この町の平和は、中枢位からの指令によるものではない。それは、アウトデルミン(Autodermin)(皮膚自己物質)という物質の存在により保たれる。


アウトデルミンは皮膚一面にごく低濃度に存在している。アウトデルミンは、濃度が高くなると反射個体の受容器を麻痺させる。このことから、同一主体の二つの皮膚面が接触することにより、アウトデルミンの濃度が高まり、反射が起きることを抑制する。


多数の反射個体をもつ反射共和国の場合は、機能環がバラバラに働くことから、これらの知覚標識は相互に無関係である。

 


一方で、比較としてダニを考える。前述のように、ダニの生命表現は、本質的に3つの反射から成り立っている。しかし、機能環に共通の知覚器官があることから、一つの統一体を作り上げている可能性がある。

 


このような可能性はウニにはない。
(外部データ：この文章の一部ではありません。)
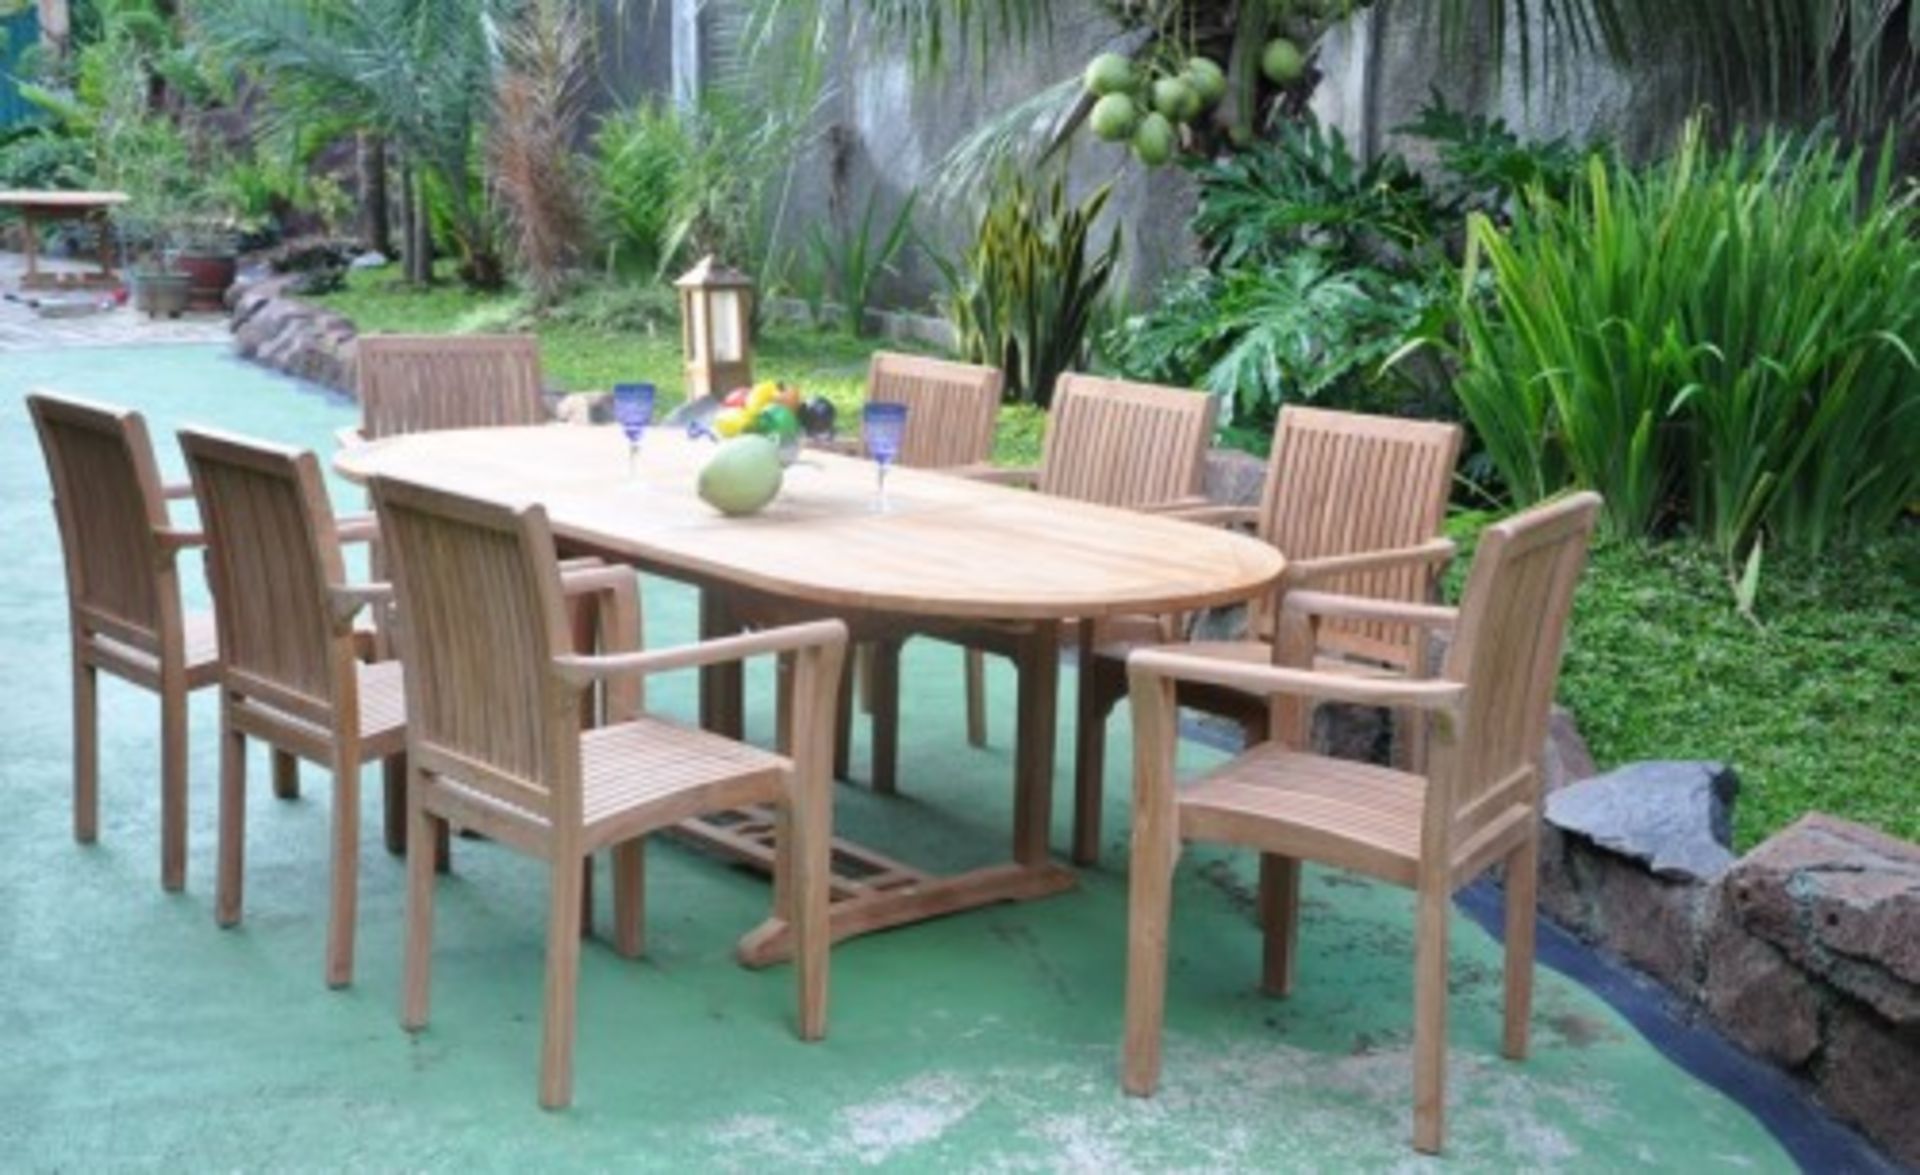 V Brand New Teak Extended Oval Table Set Allows For Up To 6 People including 6 stacking chairs /

圧迫刺激と知覚標識は完全に独立している。そのため、ウニは影に対してトゲを動かして反応する際、雲にも船にも、本当の敵である魚に対しても行う。

 

 


【感想】
・やっぱりユクスキュルはすごい……このあたりの分野は、神経生理学?とか、そのあたりの話なんじゃないだろうか。本当に(今で言うところの)広い分野の話を考えているんだなあ……。「生き物をとらえる・理解する」って、こういうことなのかな……。


・根口クラゲの最終文、要約できなかった!そのままもってきてしまった!あまりに素敵な表現だったので!「鐘の音だけが鳴り響く永遠の静寂」って……すごく……すごくイメージを喚起させる!


・この分野、今はどういう知見が得られているのかなー。